Transcribe only what runs from the line containing "Volvo prelazi na" through the end of the listing, line for line and exactly, and omit the pictures.

- **Data shown**:
==========
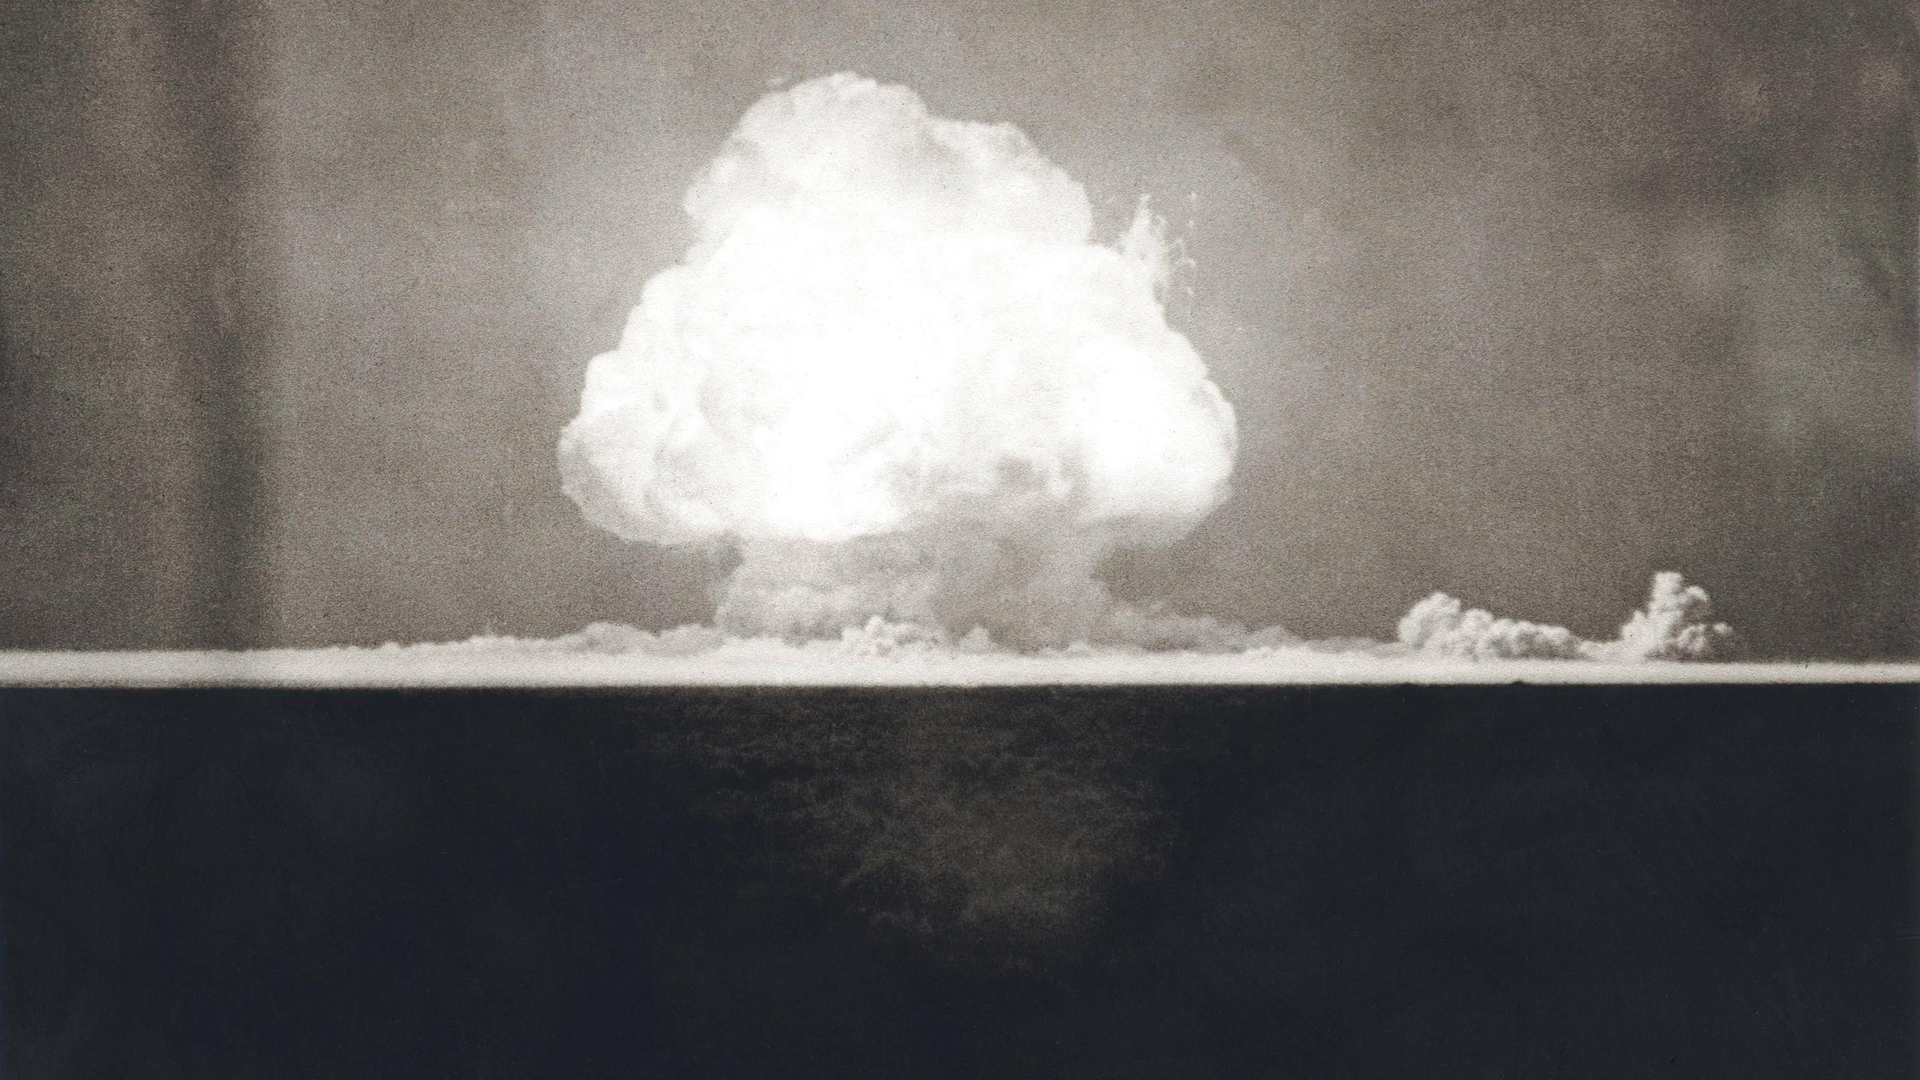 Primera explosión atómica el 16 de julio de 1945. Fotografía tomada 9 segundos después de la detonación inicial de Trinity que muestra la nube en forma de hongo. Proyecto Manhattan, Segunda Guerra Mundial. Alamogordo, Nuevo México.
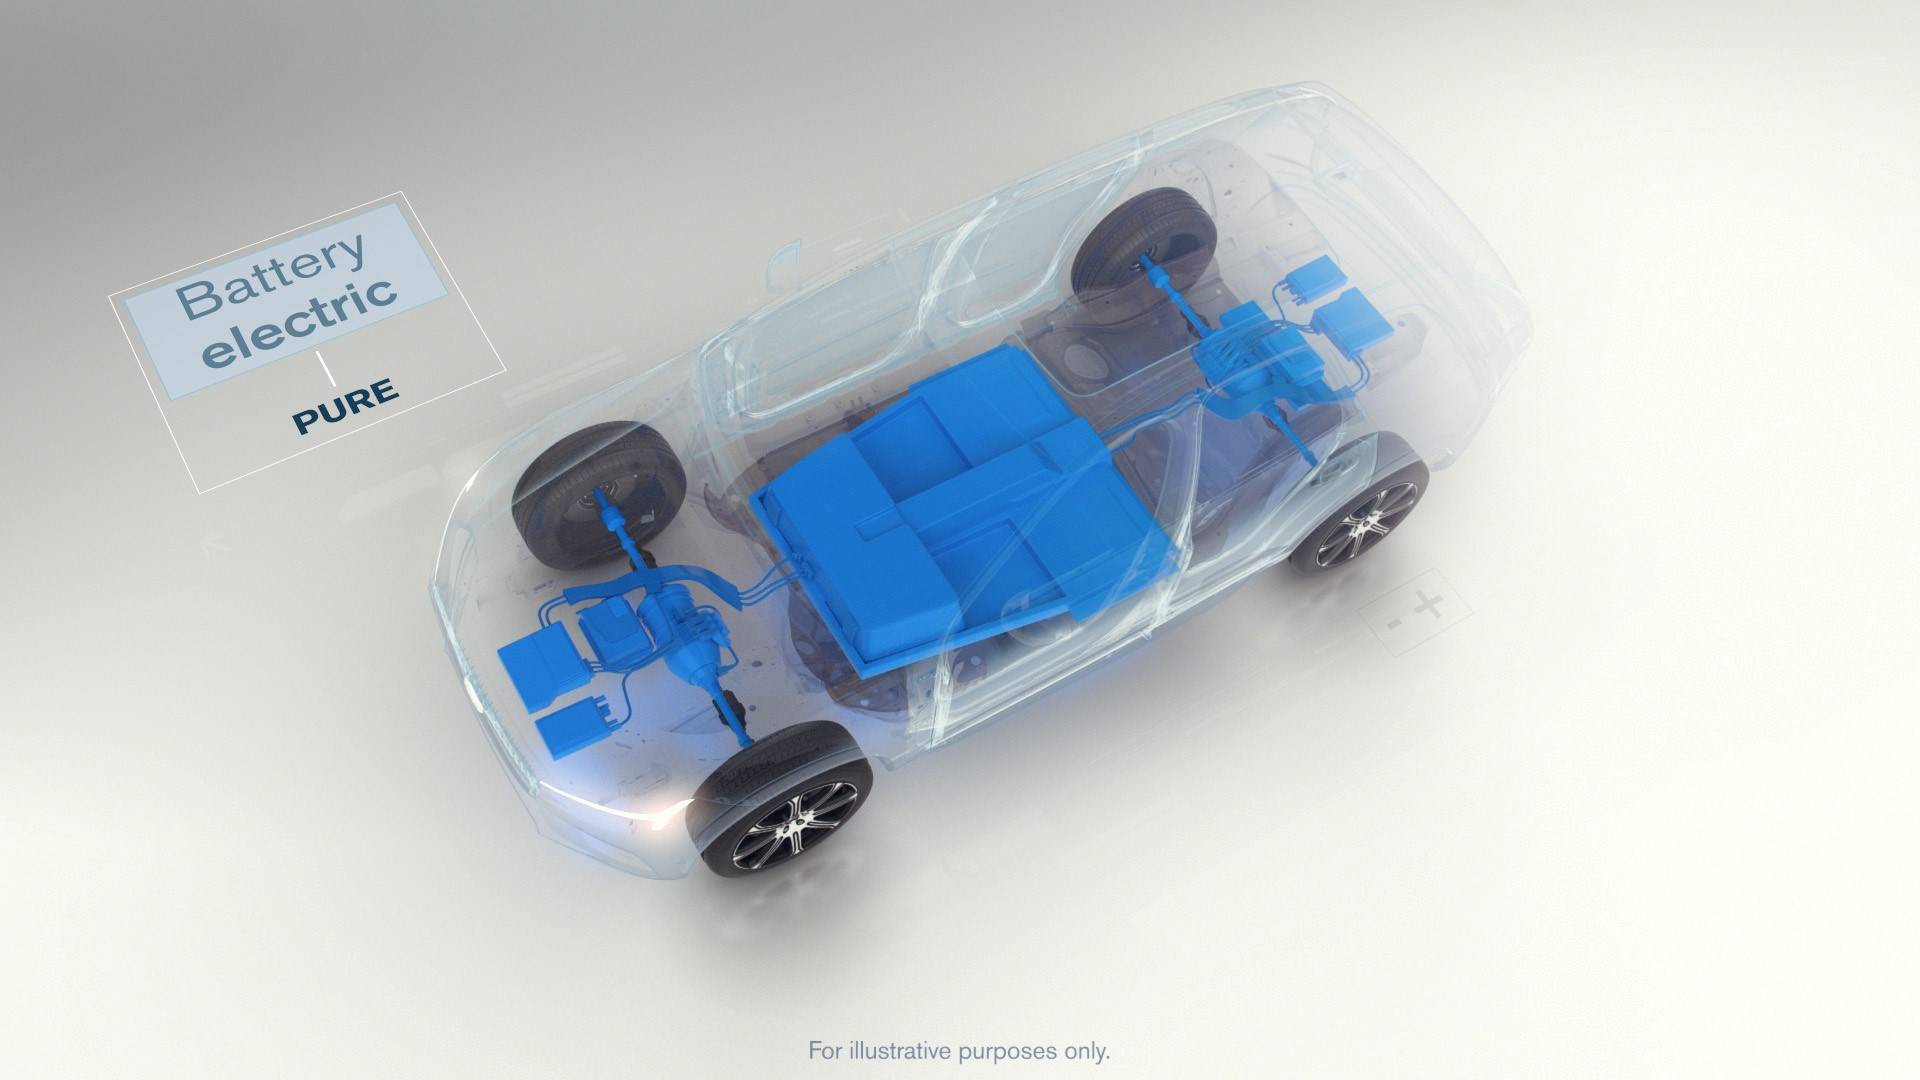 Volvo prelazi na struju: Svaki novi auto imat će elektromotor
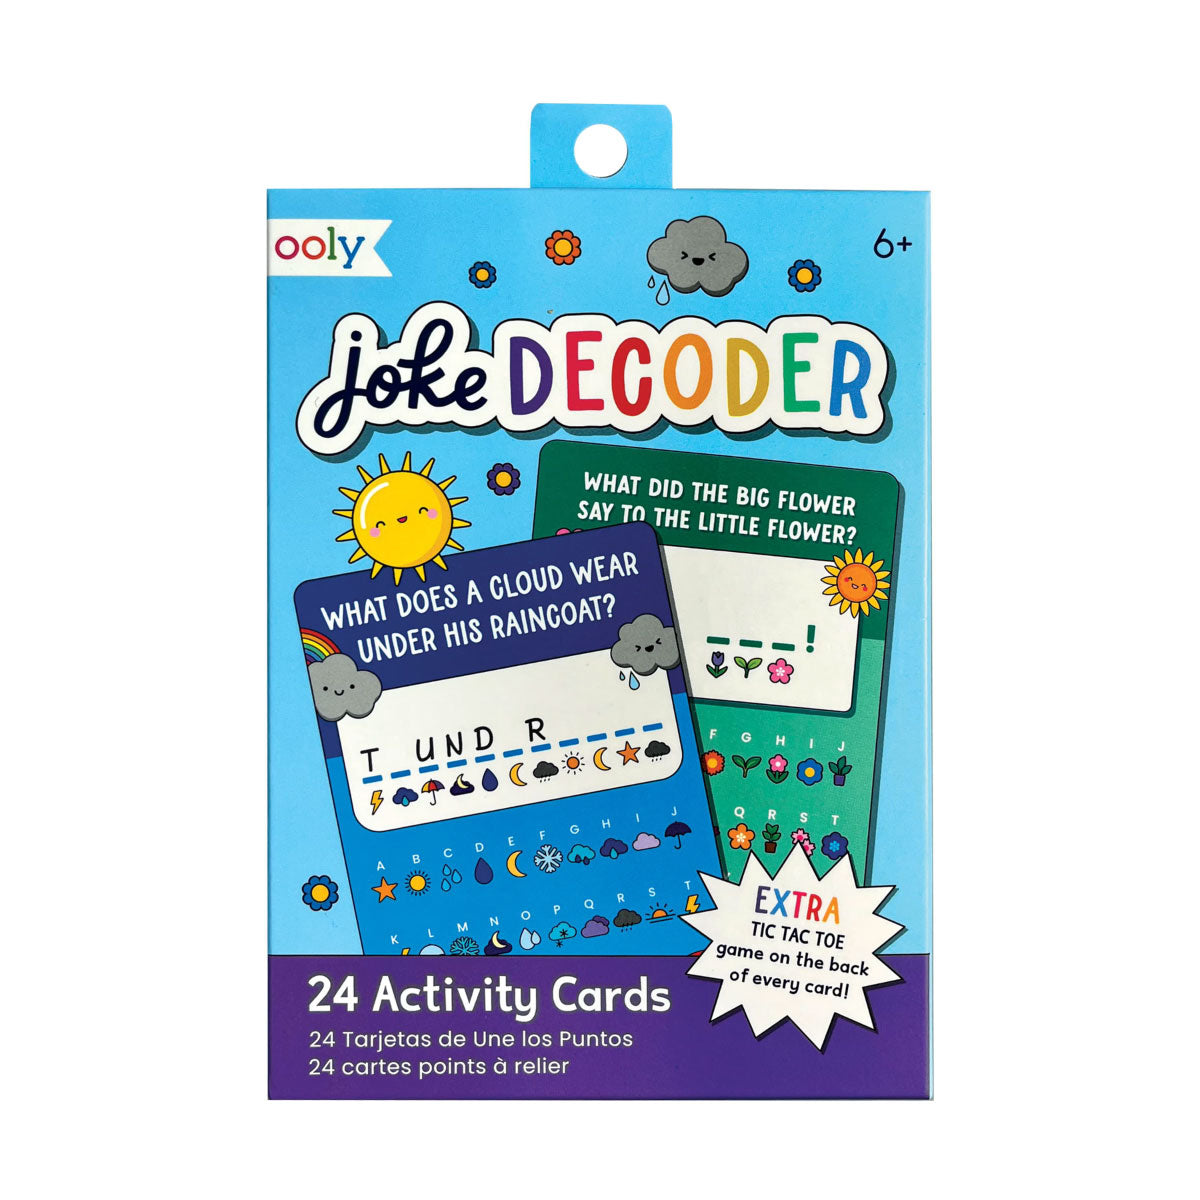 ooly Joke Decoder Paper Games
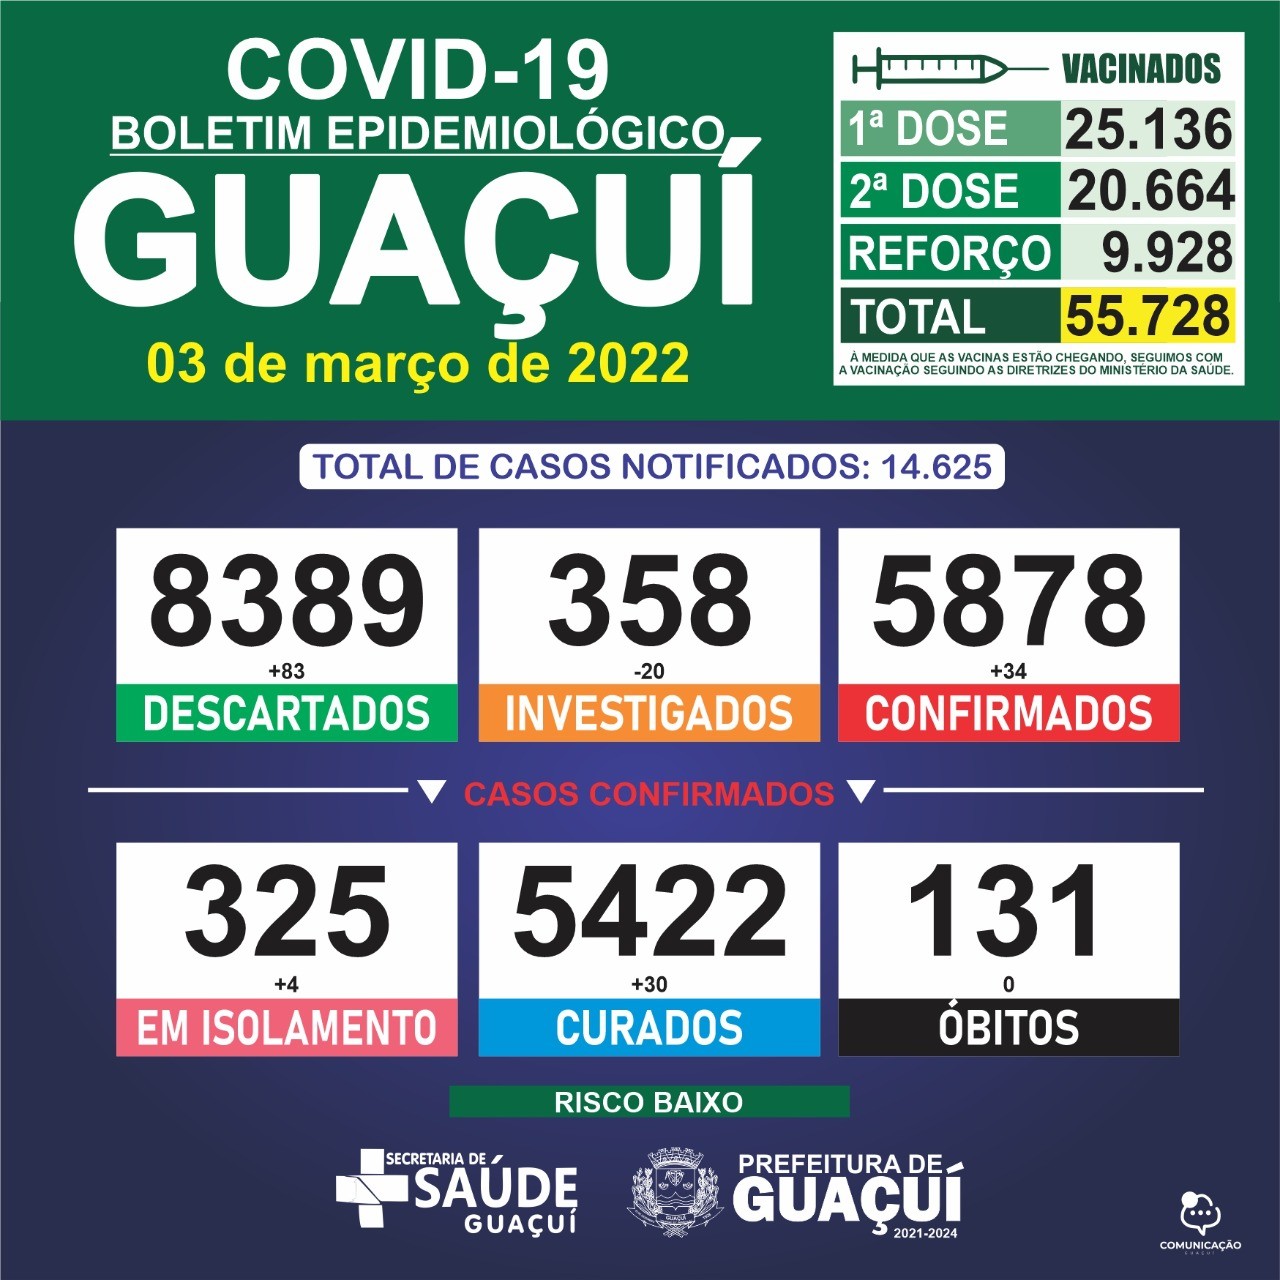 Boletim Epidemiológico 03/03/2022: Guaçuí registra 34 casos confirmados e 30 curados
==========
- **Response to this task**:
 Volvo prelazi na struju: Svaki novi auto imat će elektromotor
 ooly Joke Decoder Paper Games
 Boletim Epidemiológico 03/03/2022: Guaçuí registra 34 casos confirmados e 30 curados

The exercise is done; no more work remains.